"So he is," Mrs. Deans was fain to avow. "We came a few minutes ago. He is great on missions, I think, and young." The latter half of her sentence was given in the tone of a hostess who excuses a guest. For the rest, it is probable that both ladies regarded his present occupation as distinctly a missionary effort.
Presently the minister straightened himself and proceeded up the aisle to the platform. Mrs. Deans' expression changed from an anxious, proprietary one to one of spiritualized commiseration. Was the misguided man actually going to begin service without asking one word about the ordinary routine of services in Jamestown Methodist Church? If so, he would make a fine hash of it.
Besides she had not informed him that a collection was to be taken up to defray the cost of extra lighting, etc., and she had promised Mr. White at class-meeting to do so. She had thought of telling Mr. Hardman, but preferred waiting until the minister sought for information before imparting it. His opportunity for that was now past, unless, indeed, he descended from the platform to do so. A pleasing thrill, inspired by this idea, turned to a chill as she saw Mr. Hardman take from his pocket a well-thumbed and shabby little Testament, and, opening it, seem to find a place. Then he laid it down, open, upon the big church Bible, and rose to pray.
Mrs. Deans' expression of anxiety was now unalleviated by any spiritual exaltation; it was unvariegated gloom. Any man who could disregard the gilt edges, thick covers, and ornate binding of that book, and leave it closed whilst he read from what her experienced eye told her was a Bible Society Testament that probably cost ten cents, was certainly in need of anxious watching. Nor was it to be supposed that a discourse begun upon lines like these would be productive of much good. How many sermons she had heard rounded off by the banging of those covers together! How many final injunctions had been given a dramatic and artistic interest by the holding of that book, half-open, ready to put a period to the peroration by a sanctified thud!
Well—Mrs. Deans sighed audibly.
Mr. Hardman began to read in a deep and sympathetic voice. He was a tall man, of twenty-eight, muscularly built, but not brawny; his studies had been too close to admit of that. He had square shoulders, rather higher than they should be, and rounded with the stoop that the scholar and the ploughman share. His hands, as he raised them in infrequent gestures, were seen to be rather broad and short—hands, it would seem, of a mechanic, but not toil-stained. Indeed, their whiteness so ill agreed with their shape that a sense of something incongruous forced itself upon one when looking at them. His hair was almost black, and was tossed and disarranged by his habit of running his fingers through it. His face was pale.
His brow was square and overhanging—of the penthouse order, rather forbidding; the brow inherited from a generation of toilers, men who, from their own bleak corner of the world, looked forth at the panorama of life with sombre eyes, intrenching themselves behind a barrier of silent endurance, concealing their weakness, their wants, their hopes and fears, their few joys and pitiful ambitions behind an impenetrable mask, until it would seem that their lineaments adjusted themselves to their mental attitudes; and this, their son, presented to the world this square brow, strong, secret, sad. But its sternness, and alas! a great deal of its strength, was negatived by the eyes which looked out from beneath it. Very dark-gray these eyes were, and made eloquent by the expression of infinite love and sympathy for his kind; but their dilating pupils evidenced an emotional nature, and they were somewhat too soft for a man. Yet, looking in steady kindness at the world, they often seemed fit eyes for a strong, calm soul.

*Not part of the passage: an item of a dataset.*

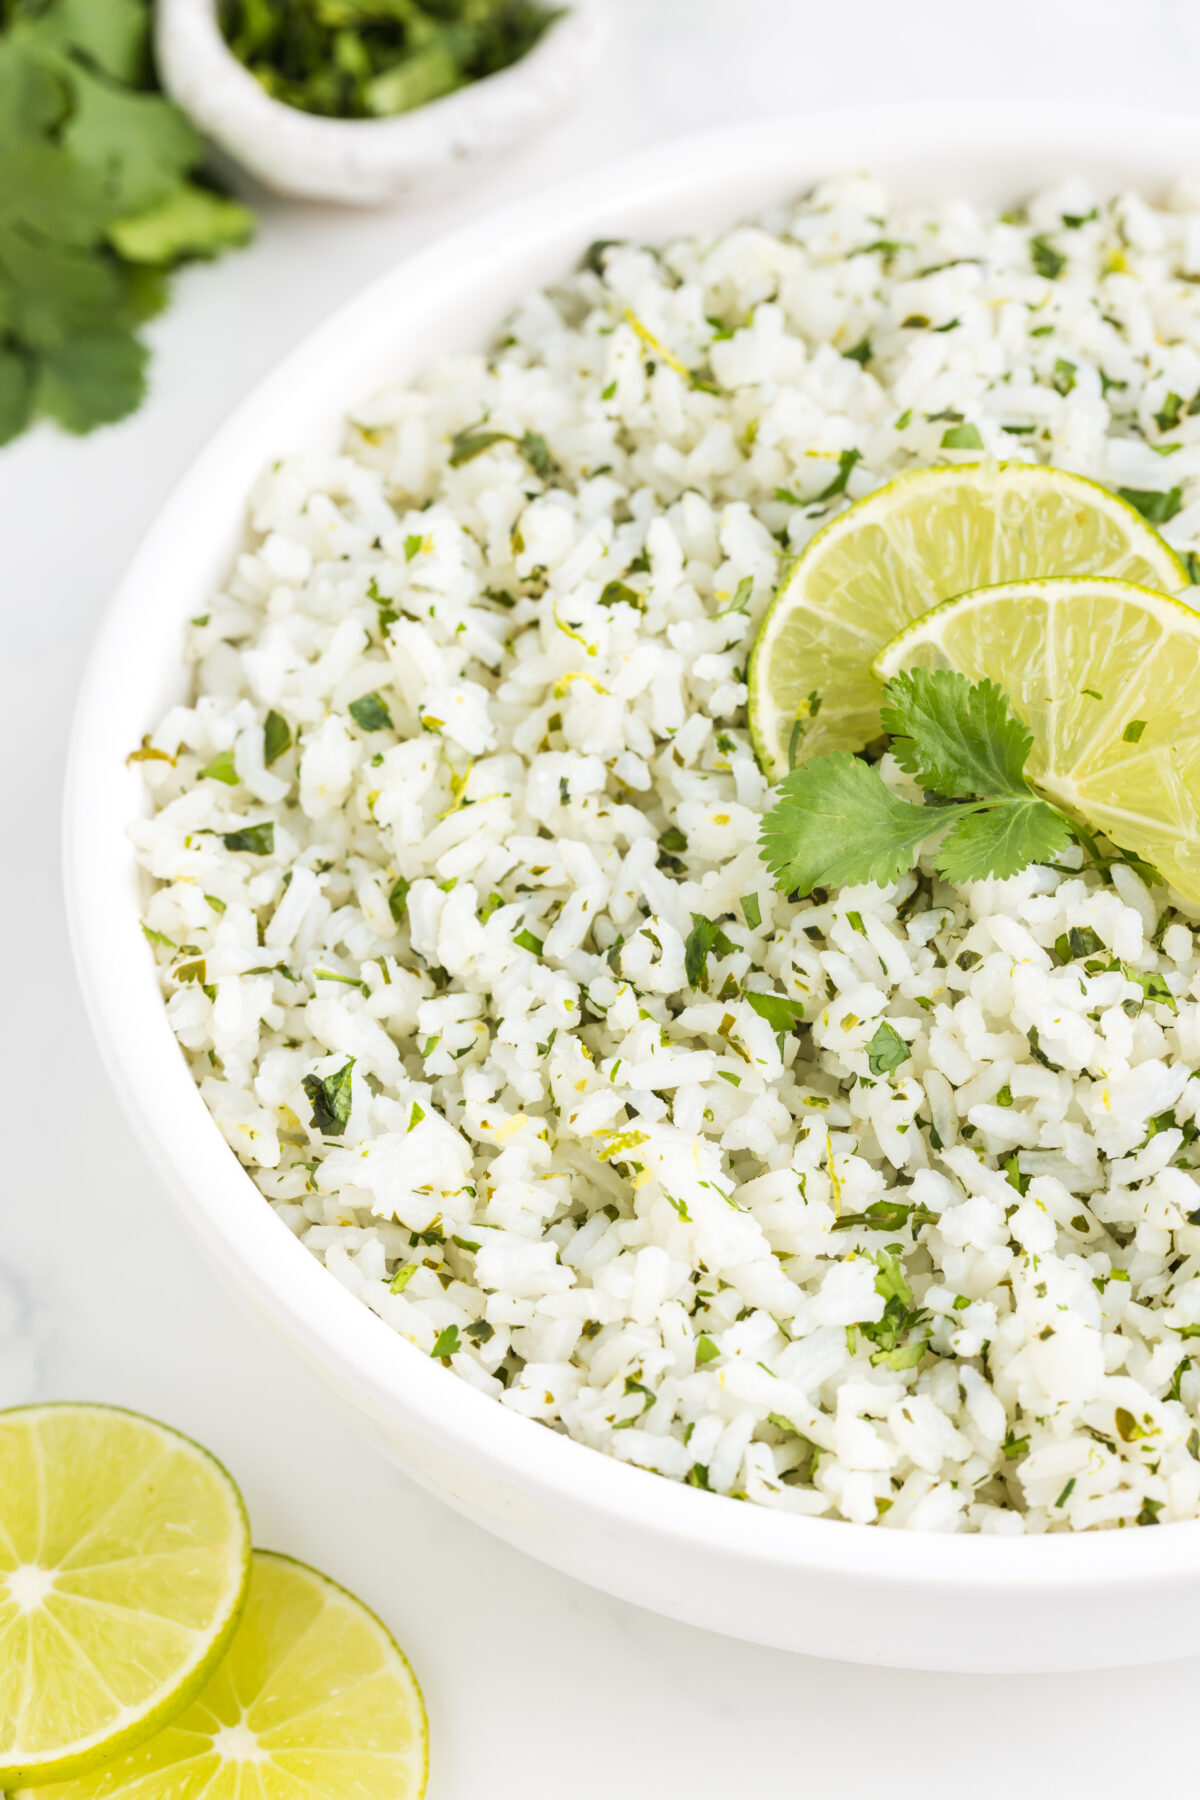 Whip up the perfect side dish with our Cilantro Lime Rice recipe. Packed with fresh herbs and zesty lime, this easy rice dish is irresistible.

But Philip Hardman felt himself neither calm nor strong. As he looked upon the expectant faces of those before him, the doubt which was gnawing at the heart-strings of belief suddenly seemed to grip his own heart and brain and threaten each.
He had no message to give these people! What were they there for? Was it not all a myth and a delusion? Was it?
Then he broke the spell which held him, and his words rushed forth. His congregation stirred and swayed and yielded—not to persuasion, for of that there was none; not to the minister's personality, for they had forgotten him; not in the hope of reward, for he spoke but of wrath and pitiless requital of sin, and merciless judgment, and endless woe—they yielded to their own fears.